The answer is like below

import re
from pprint import pprint
s = 'list_c=[1,2],a=3,b=1.3,c=abch,list_a=[1],Save,Record,dict_a={a:2,b:3}'
m1 = re.findall(r"([^=]+)=" # LHS and assignment operator
                  +r"([+-]?\d+(?:\.\d+)?|" # Numbers
                  +r"[+-]?\d+\.|" # More numbers
                  +r"\[[^]]+\]|" # Lists
                  +r"{[^}]+}|" # Dictionaries
                  +r"[a-zA-Z_][a-zA-Z_\d]*)", # Idents
           s)
temp_d = {}
for i,j in m1:    
    temp = i.strip(',').split(',')       
    if len(temp)>1:
        for k in temp[:-1]:
            temp_d[k]=''
        temp_d[temp[-1]] = j
    else:
        temp_d[temp[0]] = j
pprint(temp_d)

Output is like

{'Record': '',
 'Save': '',
 'a': '3',
 'b': '1.3',
 'c': 'abch',
 'dict_a': '{a:2,b:3}',
 'list_a': '[1]',
 'list_c': '[1,2]'}

Answer 4

Instead of picking out the types, you can start by capturing the identifiers. Here's a regex that captures all the identifiers in the string (for lowercase only, but see note):

regex = re.compile(r'([a-z]|_)+=')
#note if you want all valid variable names: r'([a-z]|[A-Z]|[0-9]|_)+'
cases = [x.group() for x in re.finditer(regex, s)]

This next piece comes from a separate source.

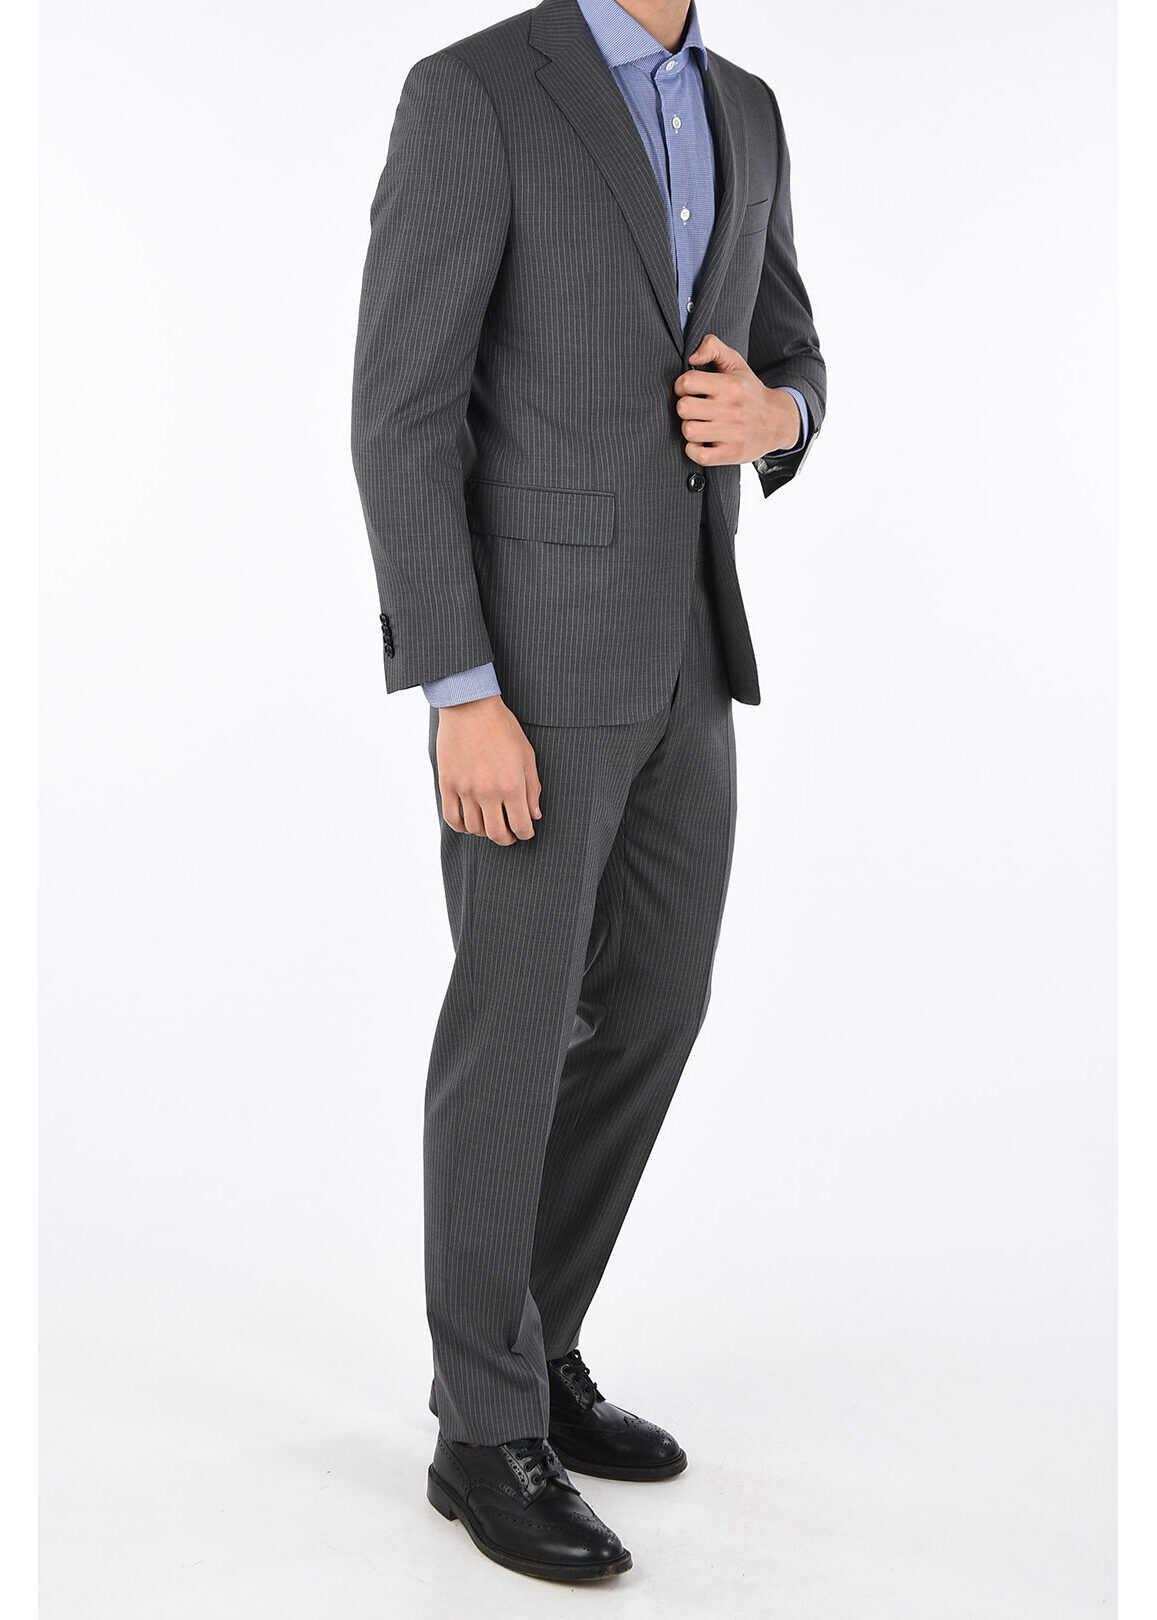 CORNELIANI notch lapel pinstriped MATUA 2-button suit GRAY imagine
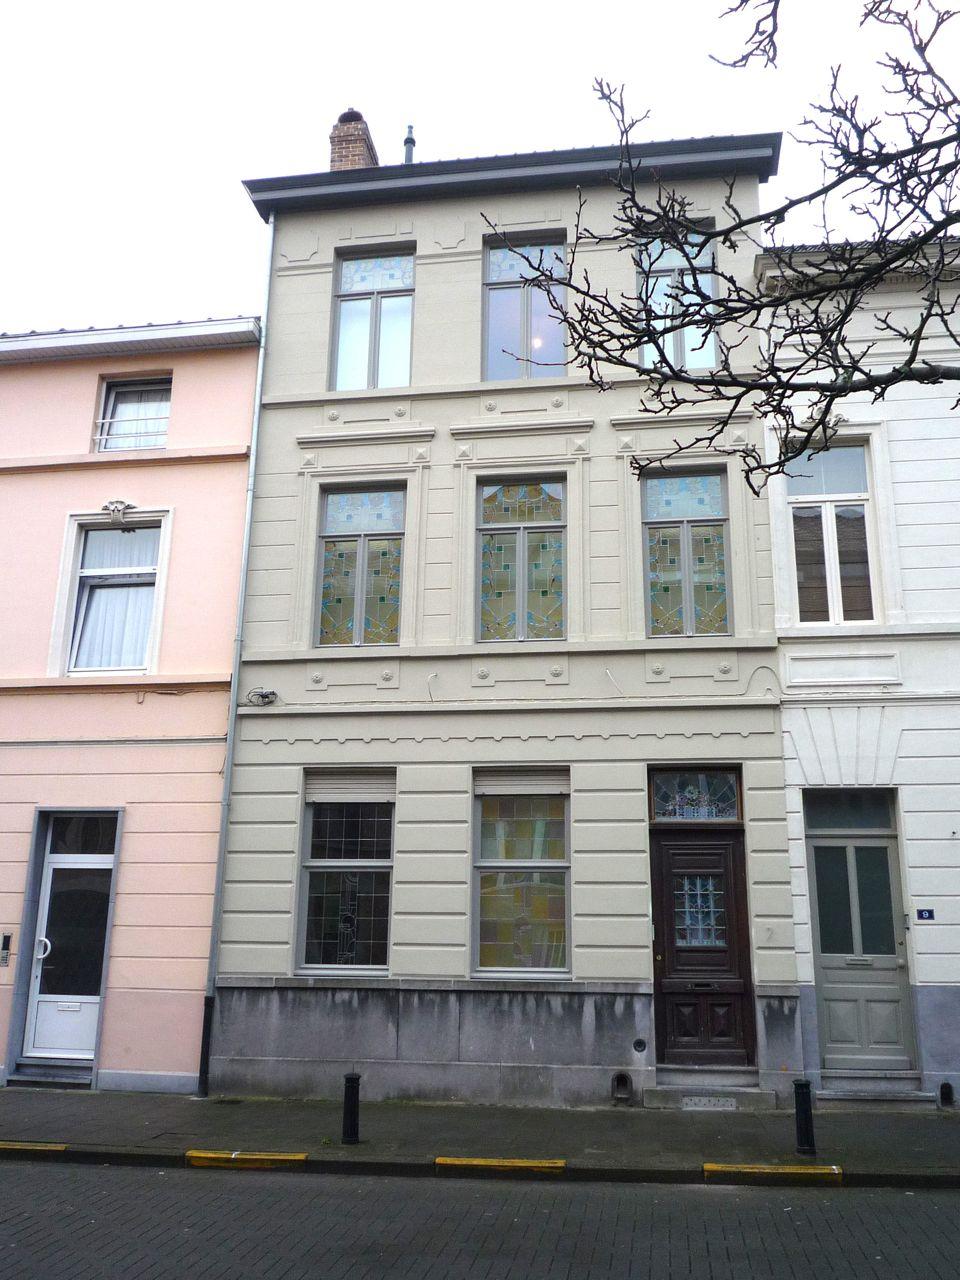 P1050588 | Baeyens & Beck architecten Gent | architect nieuwbouw renovatie interieur | high end | architectenbureau

This gives a list of all the identifiers in the string:

['list_c=', 'a=', 'b=', 'c=', 'list_a=', 'dict_a=']

We can now define a function to sequentially chop up s using the above list to partition the string sequentially:

def chop(mystr, mylist):
    temp = mystr.partition(mylist[0])[2]
    cut = temp.find(mylist[1])           #strip leading bits
    return mystr.partition(mylist[0])[2][cut:], mylist[1:]
mystr = s[:]
temp = [mystr]
mylist = cases[:]
while len() > 1:
    mystr, mylist = chop(mystr, mylist)
    temp.append(mystr)

This (convoluted) slicing operation gives this list of strings:

['list_c=[1,2],a=3,b=1.3,c=abch,list_a=[1,2],dict_a={a:2,b:3}',
'a=3,b=1.3,c=abch,list_a=[1,2],dict_a={a:2,b:3}',         
'b=1.3,c=abch,list_a=[1,2],dict_a={a:2,b:3}',
'c=abch,list_a=[1,2],dict_a={a:2,b:3}',
'list_a=[1,2],dict_a={a:2,b:3}',
'dict_a={a:2,b:3}'] 

Now cut off the ends using each successive entry:

result = []
for x in range(len(temp) - 1):
    cut = temp[x].find(temp[x+1]) - 1    #-1 to remove commas
    result.append(temp[x][:cut])
result.append(temp.pop())                #get the last item

Now we have the full list:

['list_c=[1,2]', 'a=3', 'b=1.3', 'c=abch', 'list_a=[1,2]', 'dict_a={a:2,b:3}']

Each element is easily parsable into key:value pairs (and is also executable via exec ).